* [Data section]:
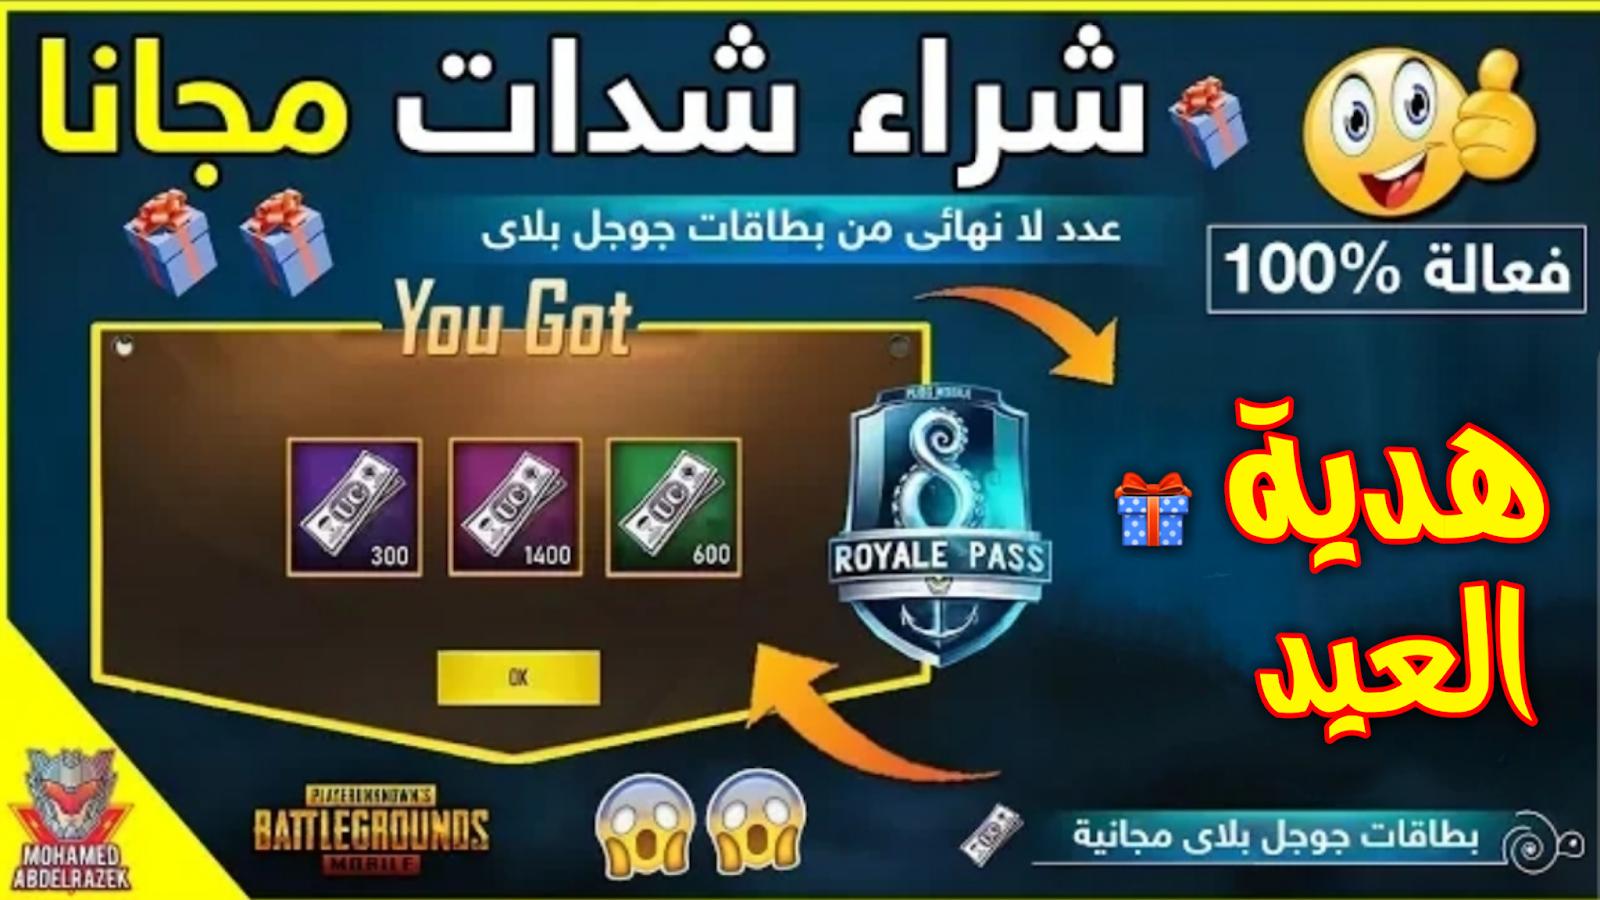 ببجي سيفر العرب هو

--

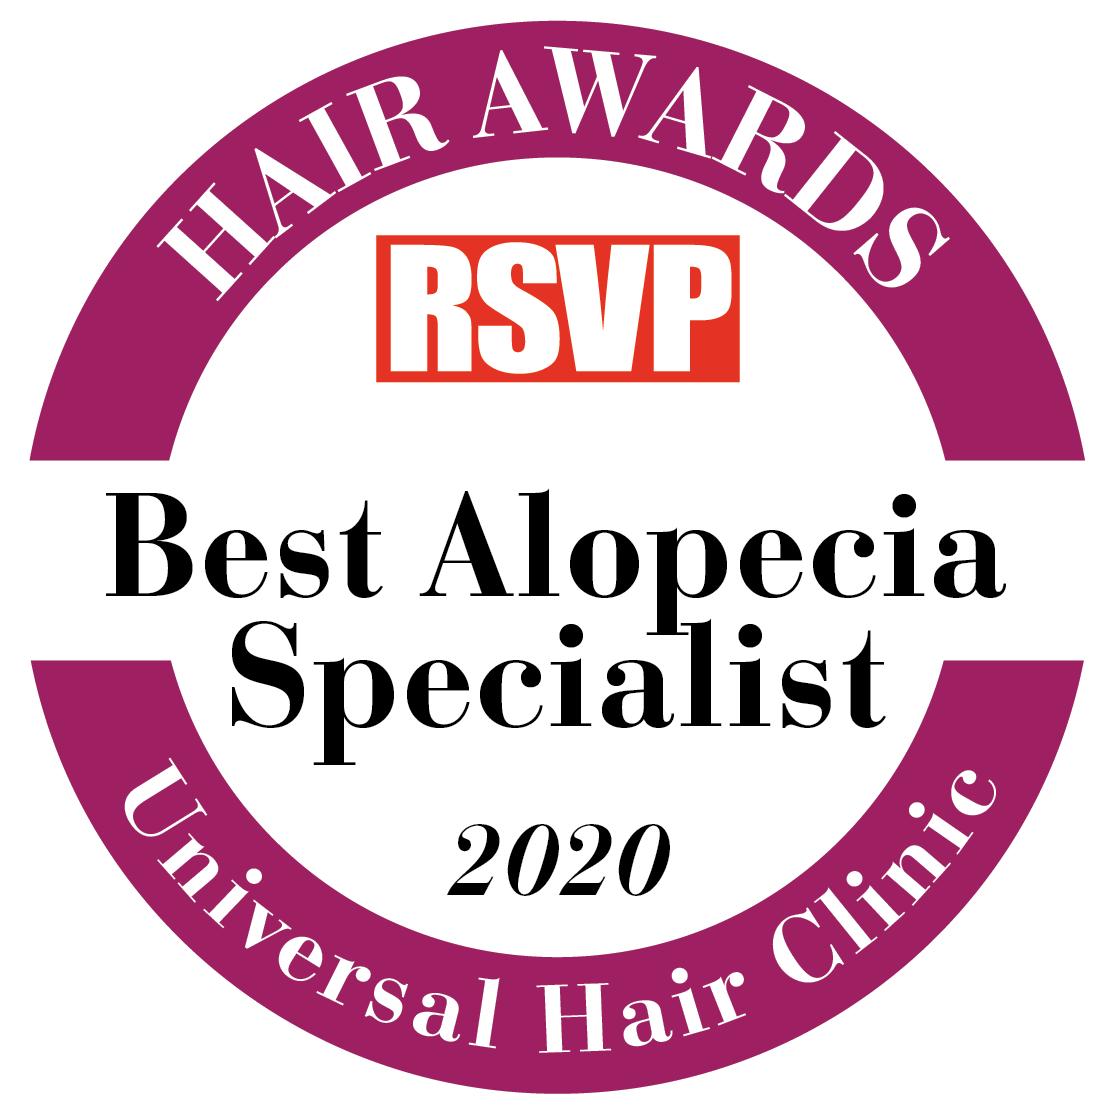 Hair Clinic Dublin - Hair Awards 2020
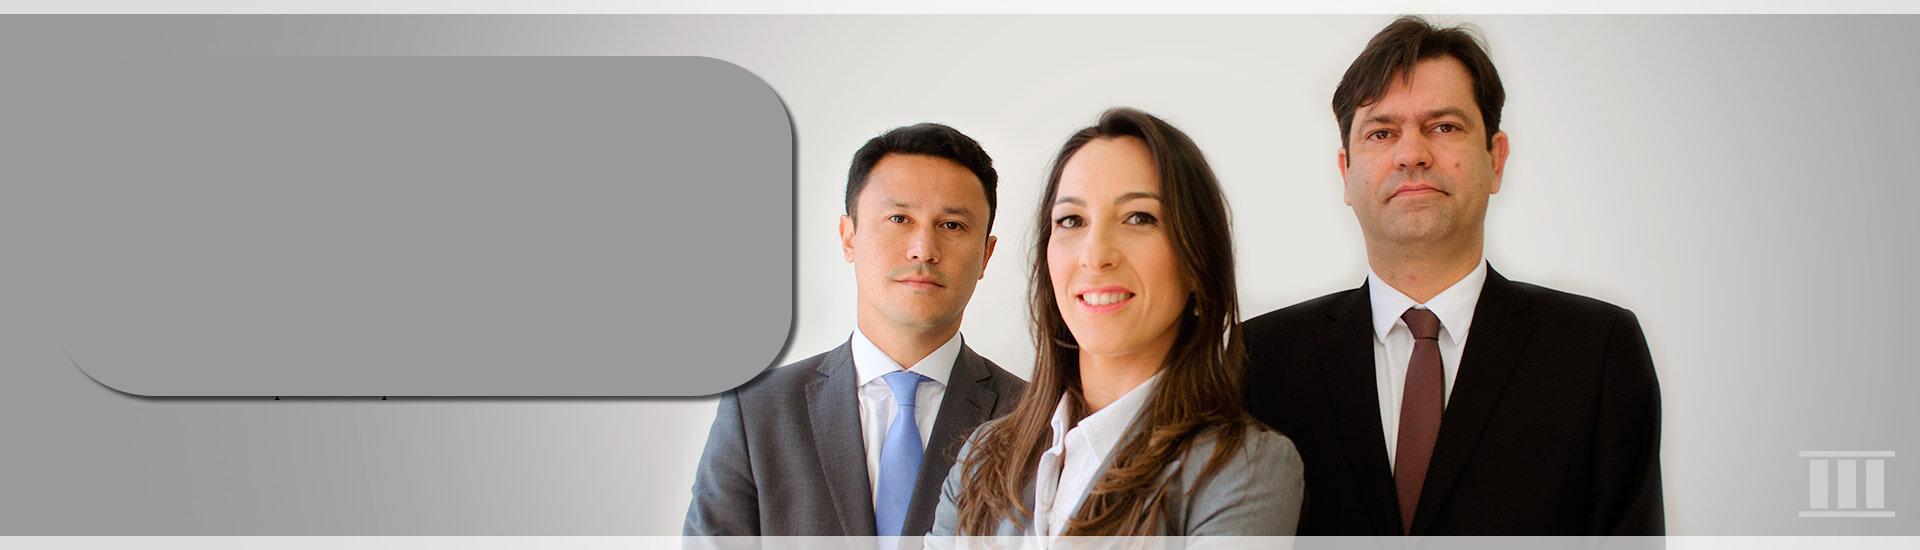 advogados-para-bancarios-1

* [What is expected]:
With the pictures removed, print only the lines starting at the line that has "Hair Clinic Dublin - Hair Awards 2020" and ending at the line that has "advogados-para-bancarios-1", both ends included, exactly as they stand above.

* [Result below]:
 Hair Clinic Dublin - Hair Awards 2020
 advogados-para-bancarios-1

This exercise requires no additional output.